Gün olur gündüz olur. Gün iner akşam olur. Devri alem. Dönme dolap. Ne dersen de... Kimi vakitsiz kimi vakitli gelir geçer. Acılar, ağıtlar, düğünler, bayramlar. Kimi iner kimi biner. Kimi diker, kimi biçer. Kimi doğal, kimi suni.  Kimi çağdaş! Kimi ilkel. Kimi dost kimi düşman. Kimi huzurlu kimi huzursuz. Kimi dilli kimi dilsiz. Kimi canlı, kimi cansız. Kimi çalışkan, kimi üşengeç.

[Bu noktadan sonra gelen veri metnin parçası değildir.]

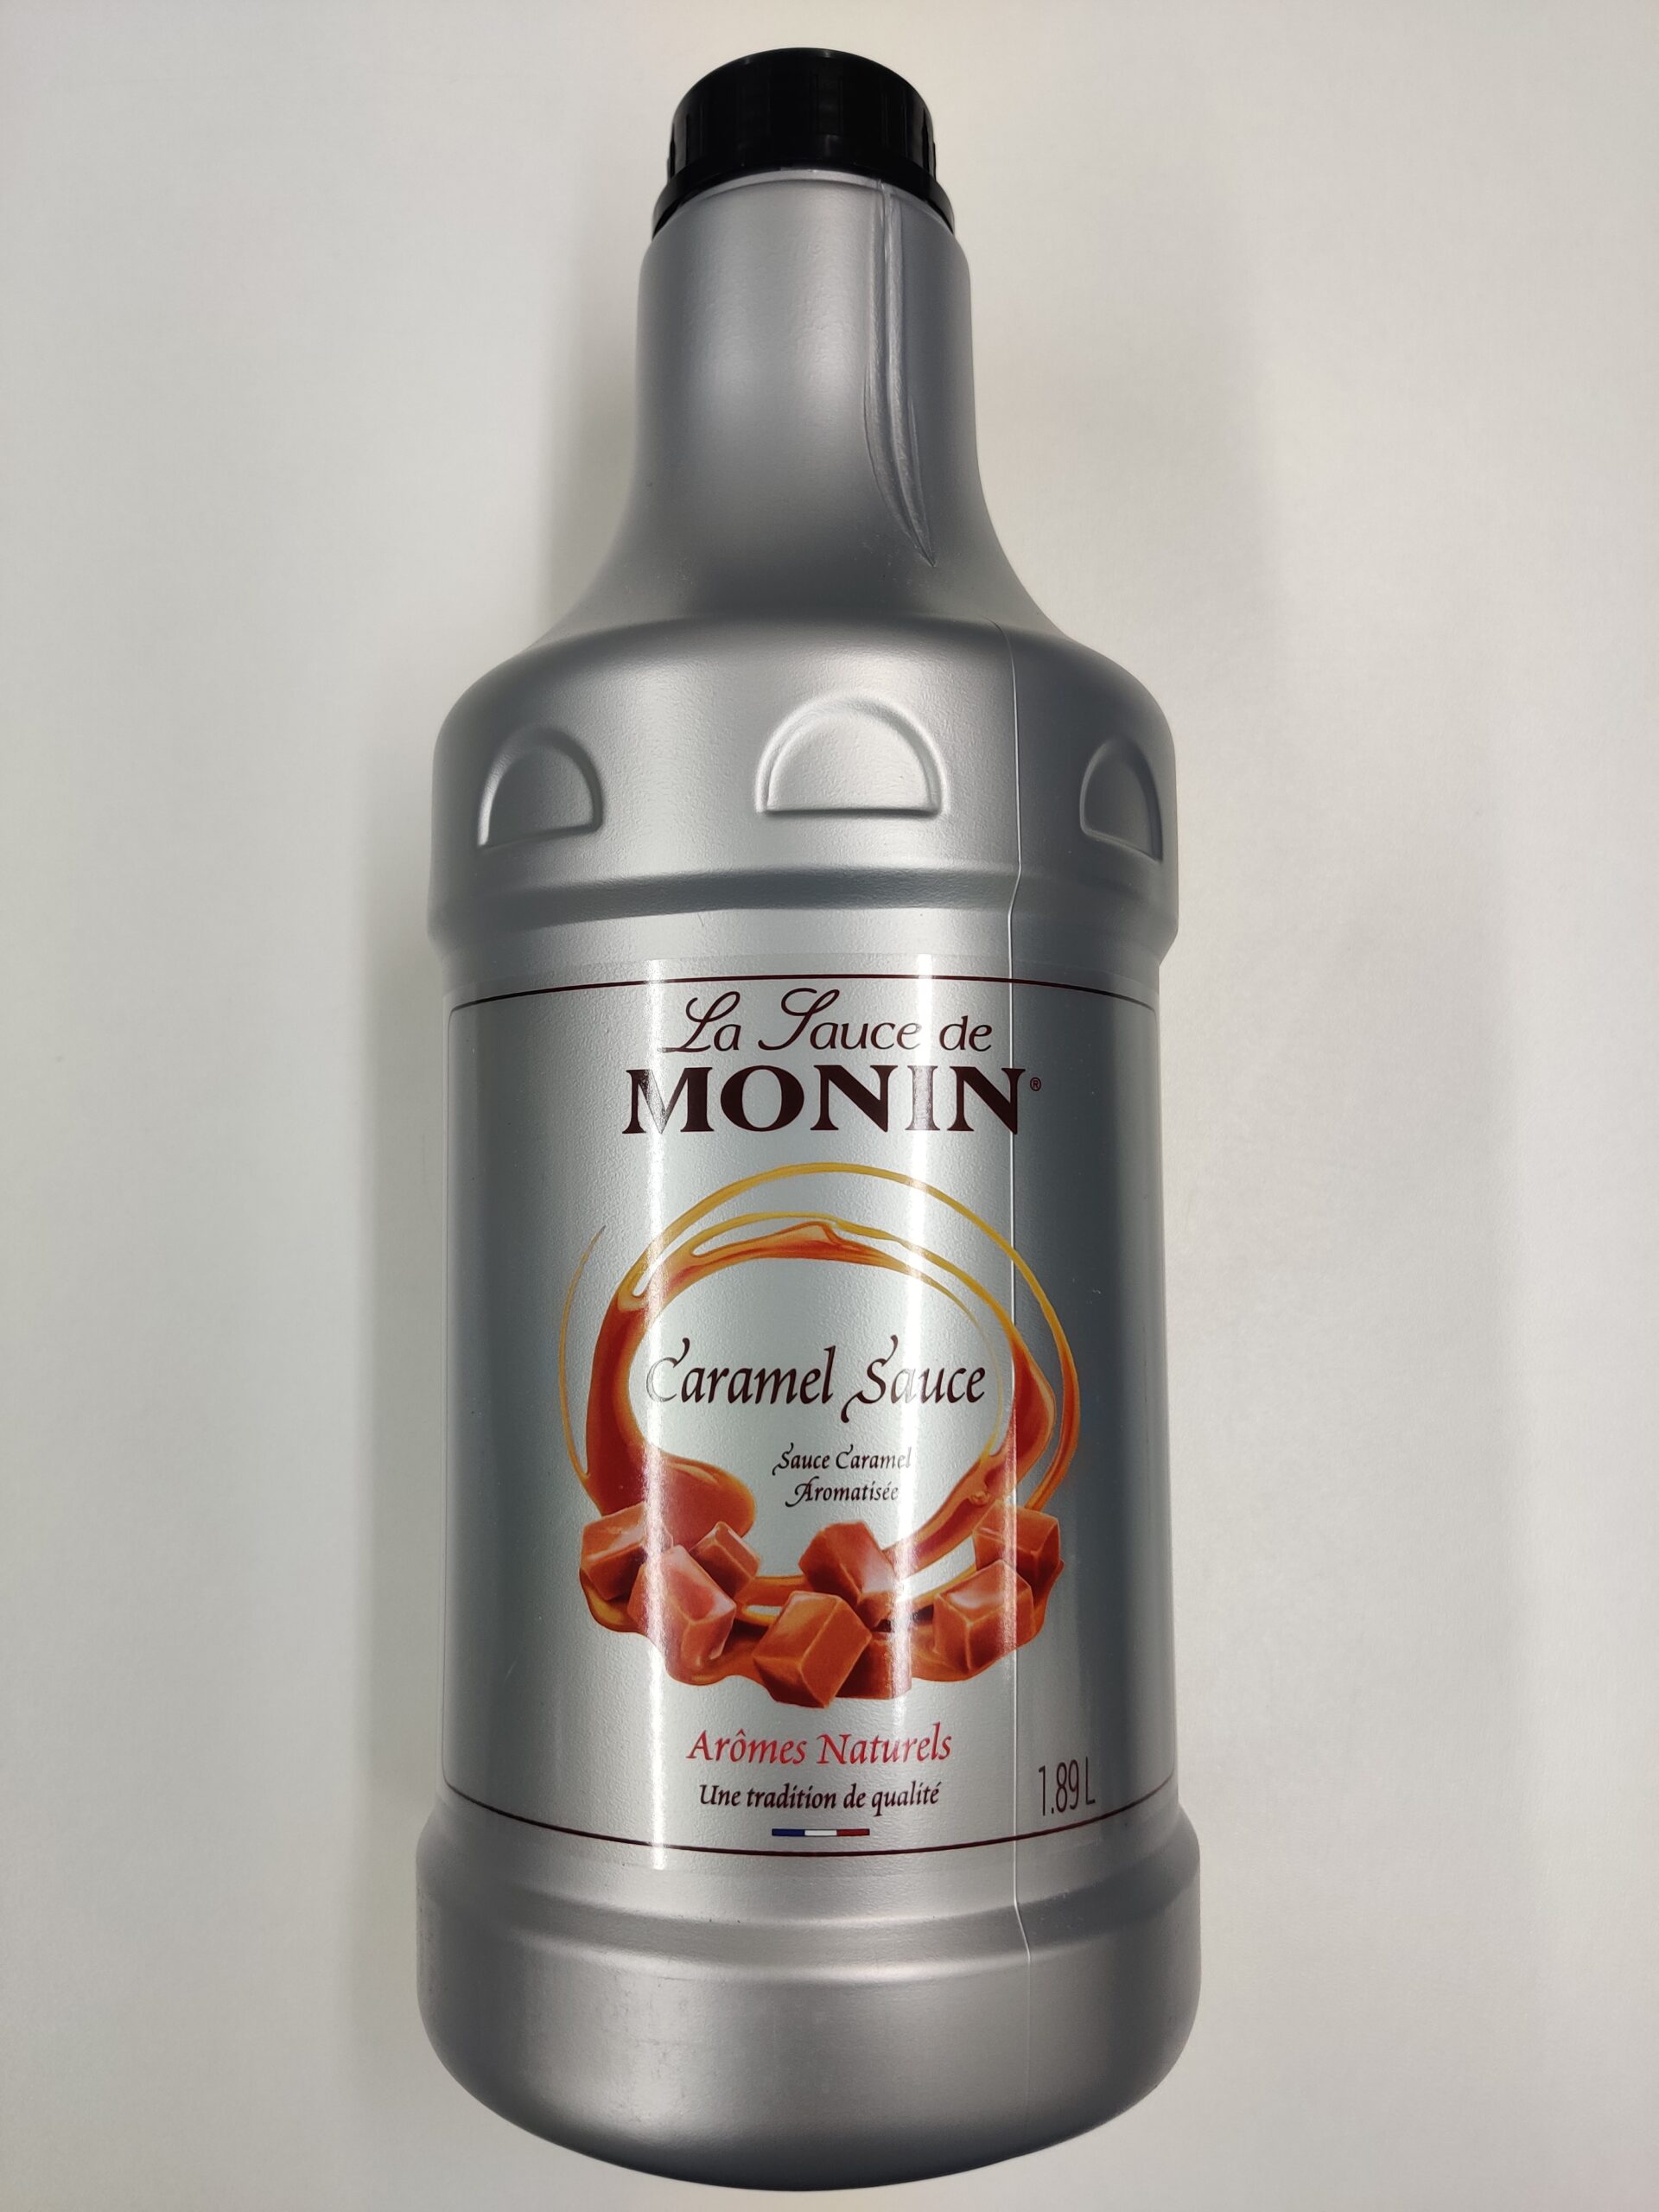 Monin Caramel Sauce 1.89L - Tapside Scotland, UK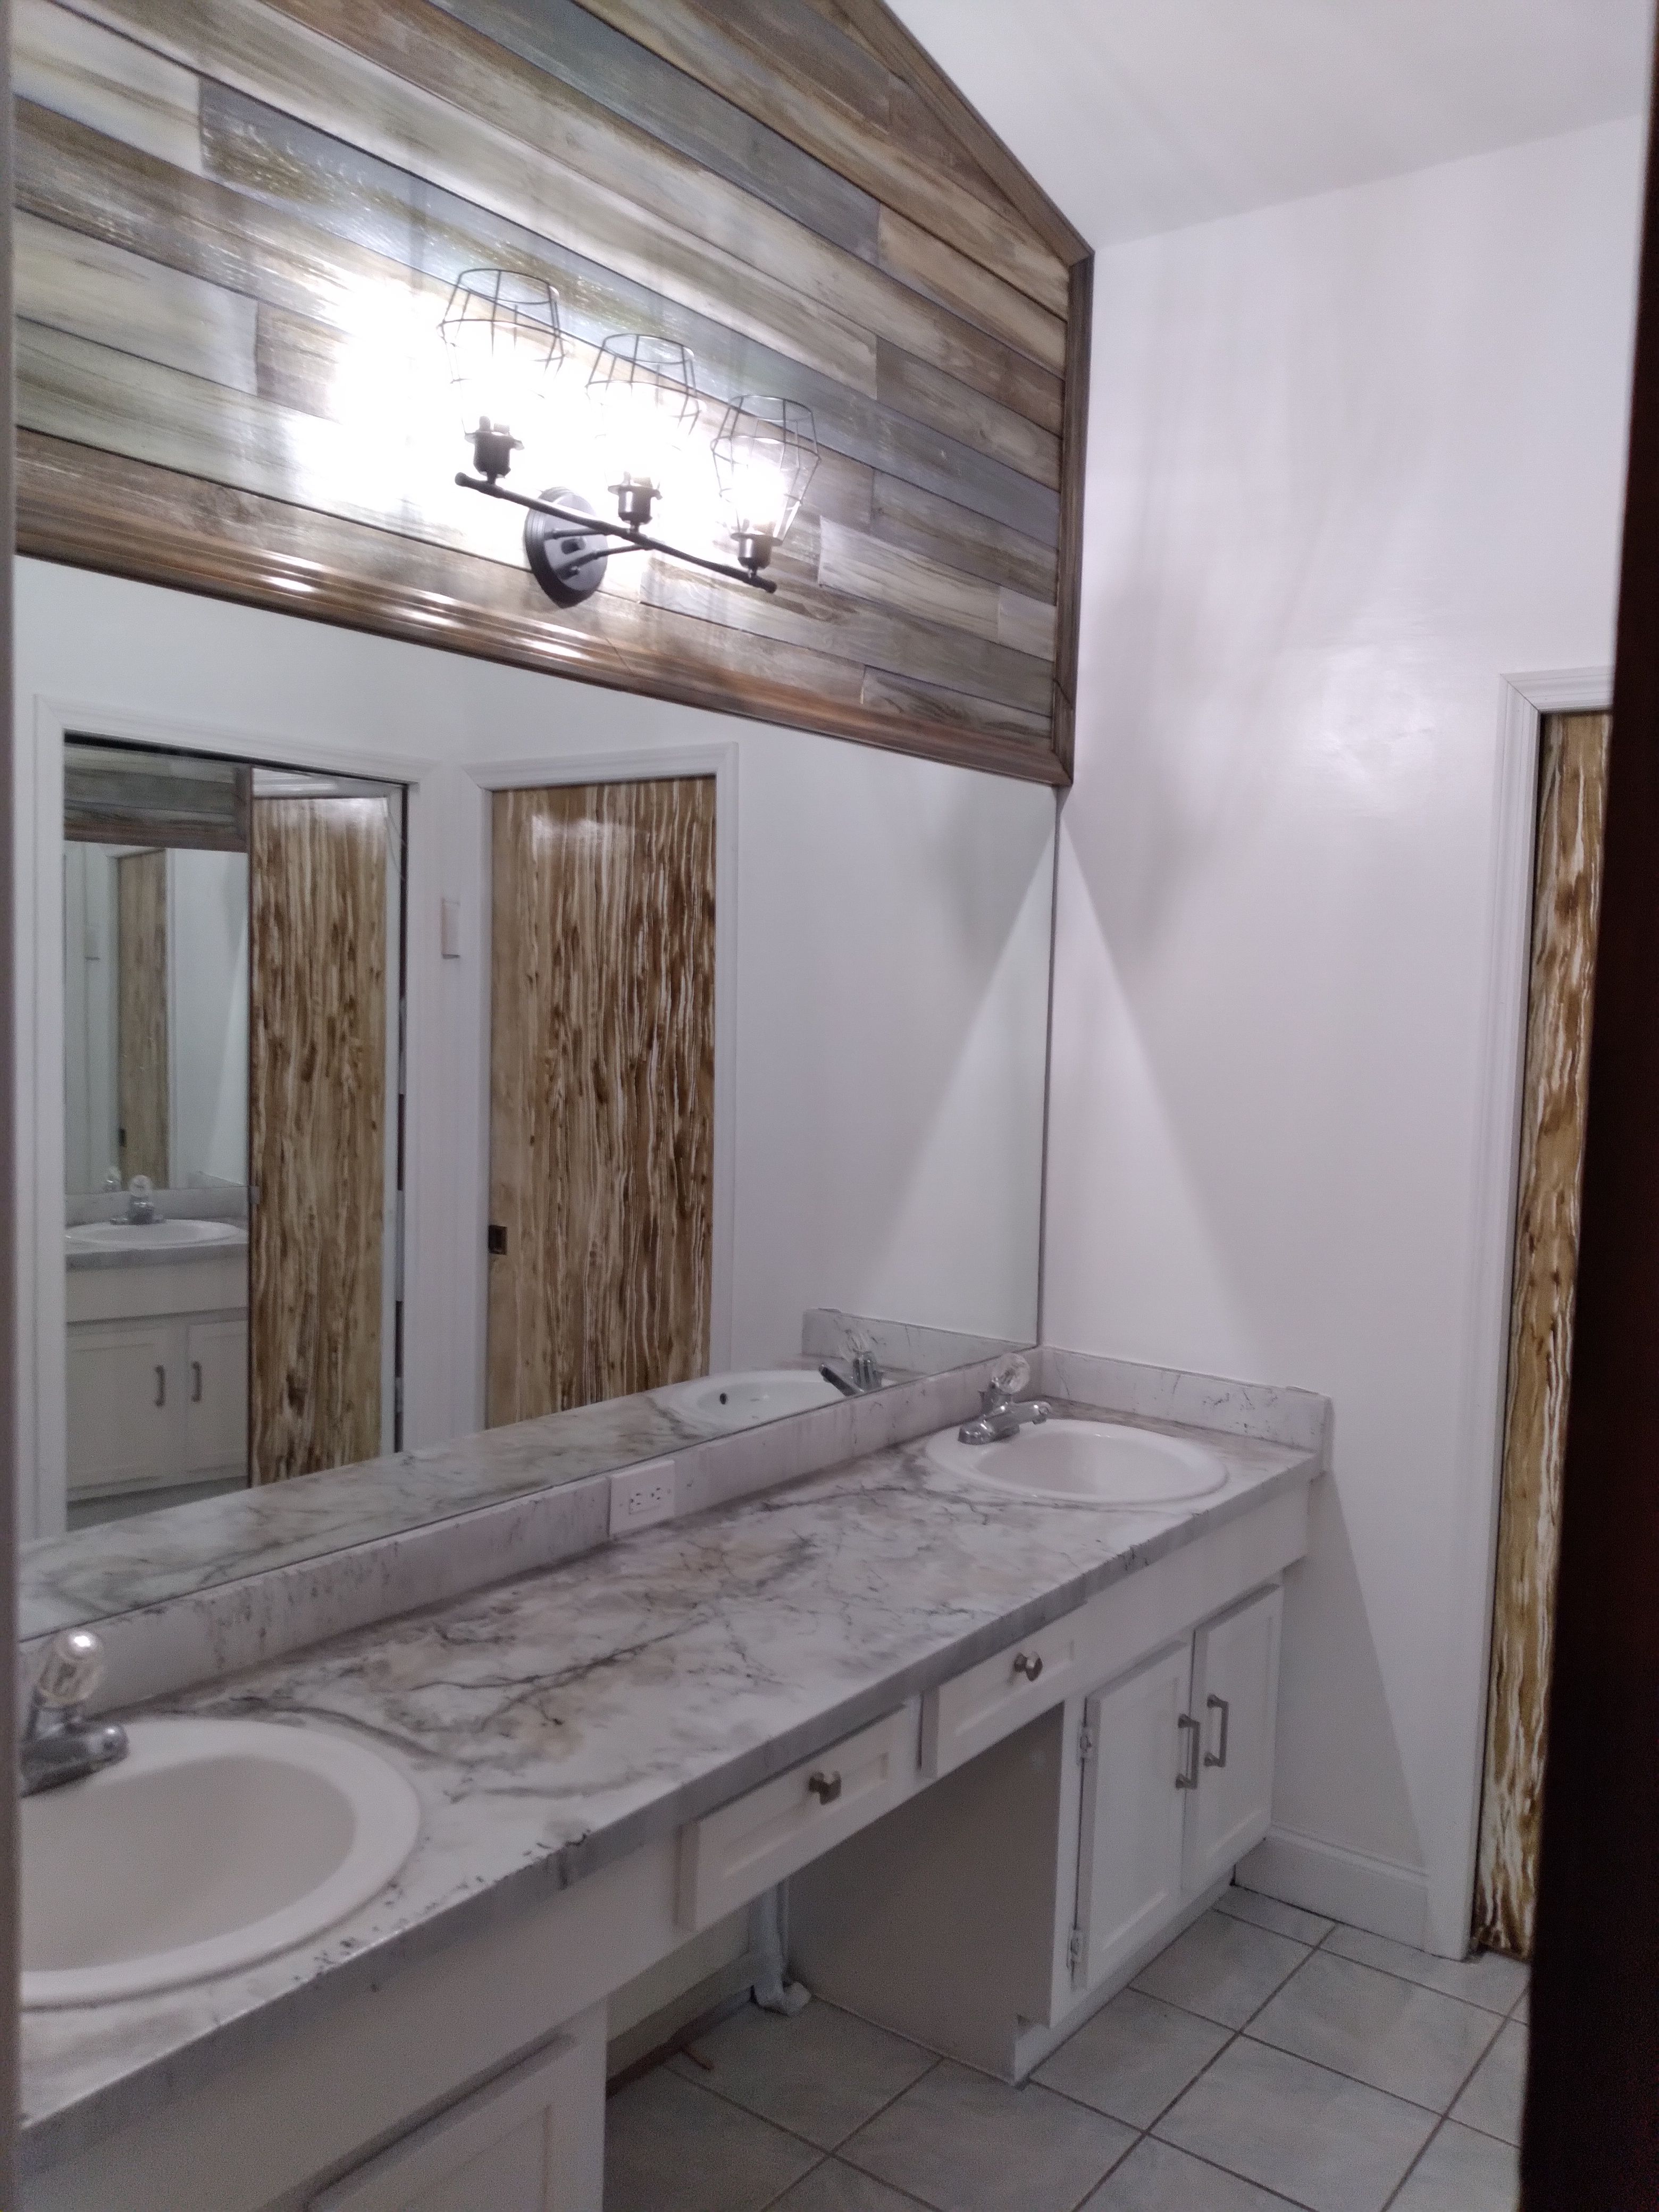 Bathroom restoration for Velez Design Consulting & Remodeling LLC in Brandon, FL

Kimi odun kimi kalas. Kimi kuş, kimi kafes  Kimi cin, kimi şeytan. Kimi saf kimi akıllı. Mühimdir oysa çok şey. Bu topraklar candır, vatandır bir diğer yandan. Sırtına güneşin vurduğu pişkin insanlar vardır. Sıcaktan tere bulaşmış yiğitler vardır. Ölen vardır, öldüren vardır. İnat vardır, inatsız vardır. Sarıklı vardır sarıksız vardır. Sarılan vardır sarılmayan vardır. Say da say kardeşim! İnsaflı vardır insafsız mesela. Dinlisi vardır dinsizi. Of Allah’ım of!...
Şu topraklar ne güzel oysa. Doğa ipeksi çarşafının altından gülümsüyor her daim. Gülümserken kimleri güldürmeyecek ki. Arılar, kuşlar, karıncalar kırlangıçlar, güller, bülbüller. Salkım söğütler, dal budak salmış ferahlatan çınarlar. Filize durmuş tür tür fidanlar. Çoklara inat üşengeçlik bilmeyen toprak.  Her şeye sakinlik ve sukünet veren iklim. Şu doğa esas duruşta selama duruyor kardeşim. Çalış, çabala, ye iç eğlen, gez, toz. Alavereye dalavereye gerek yok. Şifreli banknotlardan medet  ummak neyin nesi. Şifreler karşısında dokuz takla atmak hangi hukukun habercisi. Kimi bağ buduyor kimi bağcı.  Kimi yol kesiyor, kimi kafa. Kimi dine düşman, kimi düşmana dost. Ne istiyorsun kardeşim! Zaman içinde zaman yaratmak, saman altından su yürütmek, ayarsız saat gibi zırlayıp durmak kimin hayrına. Kimden kimlerden yanasın bilelim. Sebillerim yok oldu sıkılmaz eşkıyalar  yüzünden. Değerlerim alt üst oldu. Annelerin elini öpemez olduk günahlarınız yüzünden. Kendi garibine bakmaz oldu komşular. Selamları esirgettiniz ondan bundan. Farklı saflarda, yanlış tesbih çektirdiniz onca insana. Ezbere çok şey okuttunuz genç filizlere. Bu toprağın ayarlarını sinsice bozmaya durdunuz.
­-Hele sabret derdi Anam, Sabır….
Sabır dedikçe, Muazzez Ersoy’un dillendirdiği
Bana sabret diyorsun/ Ben sabır taşı mıyım/Döndürüp duruyorsun/ Değirmen taşı mıyım. Şarkısı kulaklarımda çınlıyor. Sabrı taştı ülkemin sabrı. O yüzden sızlanmaya gerek yok. Vefasızlar kadar vefalılar vardır bu topraklarda. Yaratılan enkaz er geç temizlenecektir. Bu topraklara kemend atmaya kalkanlara Rabbim fırsat vermeyecektir.
Müessese içinde kendi müessesini kurmaya yeltenenler huzur bulamayacaktır. Bu toprakların bir sırrı mutlaka vardır. Bu sır  en çok da tevekküldür. Yürekteki azme yarenlik etti mi tevekkül, korkma der anam sabır derken. Bu yüzden güvenirim anamın dediklerine. Bu yüzden babamın anlattıkları küpedir kulaklarıma.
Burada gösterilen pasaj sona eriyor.